Выбрать главу

Начало ХХ века дало архангельской земле двух изумительных сказителей: Бориса Шергина и Степана Писахова. Во второй половине ХХ века архангельская земля родила двух народных корневых писателей: Фёдора Абрамова и Владимира Личутина. Не оскудевает ещё северная земля талантами.

Очевидно, должен был достославный поморский личутинский род дать своего кудесника слова. Ещё по Борису Шергину знаем, сколь красовито говаривали мезенские охотники и рыбаки Личутины. По Ломоносову знаем, что приглашался Яков Личутин из Мезени кормщиком в первую русскую экспедицию Чичагова. Все были добытчики, промысловики. Ценили красоту, но в труде, в пользе. Украшали избы резьбой для увеселения, прялки расписывали, бабы одежды праздничные, полотенца, наволочки чудными узорами покрывали. Увеселение душевное добытчики позволяли себе в редкую минуту роздыха.

Так и ходили паломники, скитальцы по призванию, по северным деревням, неся в памяти страшные истории и весёлые сказки, светлые былины и любовные, с картинками, баллады, песни и причитания. Добровольным становилось их странничество души, изнурительной та долгая духовная работа, начинающаяся в пору, когда идёт писатель по тропинкам души человеческой в поисках истинного вещего Слова.

Владимир Личутин тоже странник по духу, но уже книжный странствователь, преобразующий в иной, литературный мир вскормившее его народное знание. Уверен, этому знанию не научишься, живи ты в народе сколько угодно лет. Оно даётся чудотворцу некими высшими силами. И вот уже простой поморский паренёк творит изумительные по красоте и духовности образы, а в итоге создаёт воистину классическую трилогию "Раскол", посвящённую великой смуте в России. Иные книжные эстеты тоже могут разводить руками, как в случае с Михаилом Шолоховым, откуда у Личутина такое тончайшее знание подробностей духовной жизни протопопа Аввакума и патриарха Никона? Кто нашептал, как влез он в их душу? Кому не дано величие таланта, тому не понять и психологию творчества. Музыка определяет стиль любой его книги. У каждой из них своя мелодия, своя северная тончайшая музыкальная нота. Музыка слова и образа ему дана свыше, но уже оркестровку он ведёт свою, огранивая стихийное музыкальное раздолье. Он слышит истинный звук, выстраивает духовное древо русского народа.

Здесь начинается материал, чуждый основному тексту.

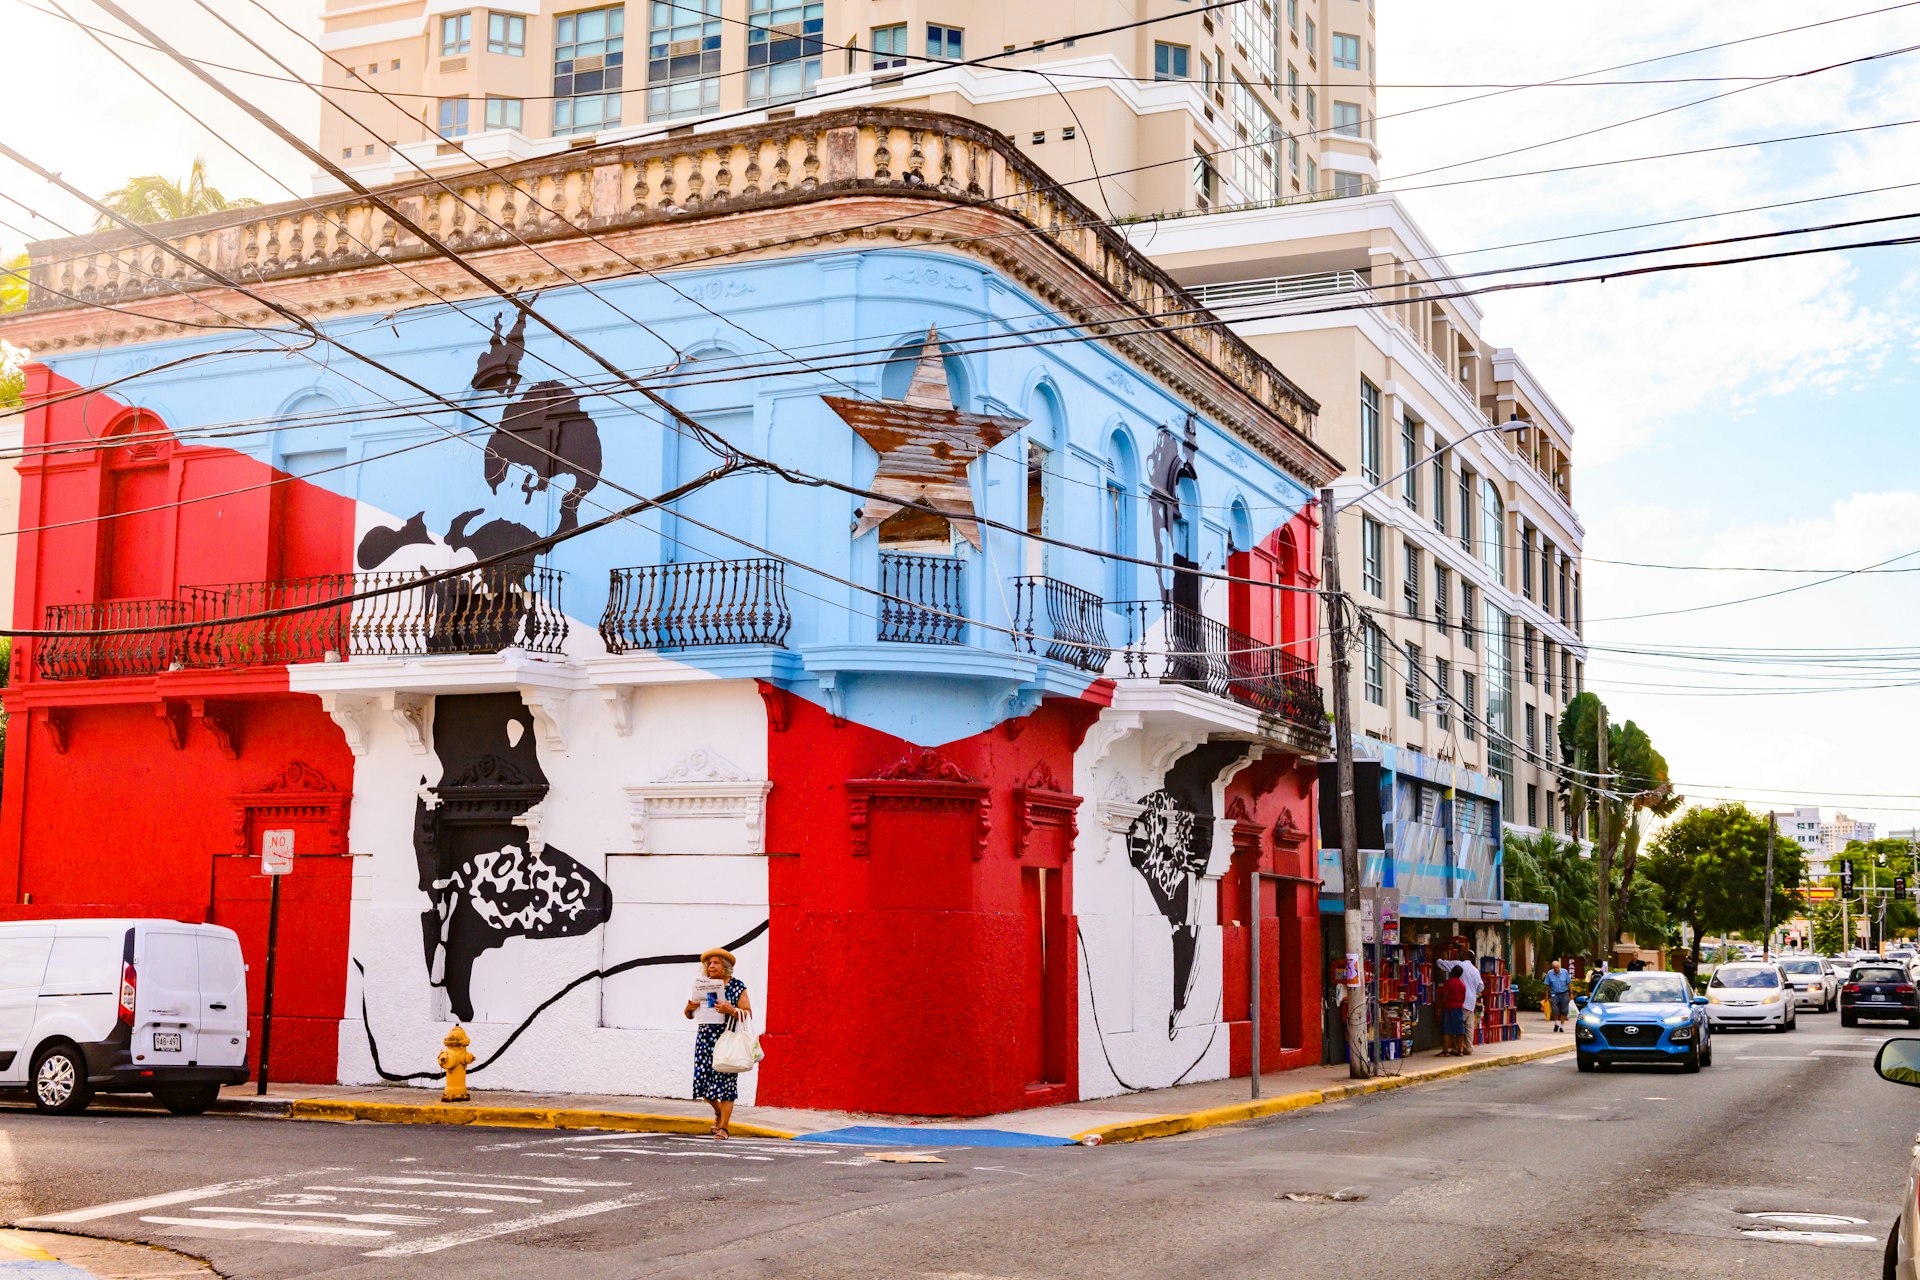 A street scene on Calle Loiza in the Santurce neighborhood of San Juan, Puerto Rico. A corner building is painted with the Puerto Rican flag. Cars and people can be seen along the street and sidewalk.

Для того, чтобы понять близость личутинскую к Марии Кривополеновой, Марфе Крюковой, Борису Шергину, чтобы понять причины его столь глубокого проникновения в суть северной народной жизни, мне понадобилось самому побывать в Мезени, в доме, где писатель родился и вырос, в нынешней маленькой квартирке, где жила матушка Личутина. Познакомился я с ней, а привиделась мне Марфа Крюкова или ещё какая подобная поморская женка. Почувствовалось, как откололась боковая личутинская ветвь перепоясанных вервью скитальцев от промысловой северокрестьянской родовы. Подумалось: а может, и Астафьева-писателя не было бы, не оторви его жизнь от родного гнездовья, от привычных крестьянских дел. Да и Рубцов Николай не пуповиной ли связан с деревенским домом – в детдомовской близи наблю- дал он за занятиями крестьянских сверстников. Тут, по моему разумению, всегда без выбора было, есть и будет: или землю пахать, или стихи писать. Понимали то и в старину – в плачеи бабы здоровые, работящие, с крепких хозяйств не шли. С другого боку глянь: в каждой деревне свои колдуны, знахари, сказители были. Не сразу поймёт оторванный от крепкого промыслового рода странник, что и в том великое разумение есть. Пространство души заполняется не домашними житейскими заботами, а памятью людской, небесным вышним светом, столь необходимым тем же добытчикам и пахарям. Не случайно народ в тягловых заботах своих не забывал продлять миру череду сказителей и певцов.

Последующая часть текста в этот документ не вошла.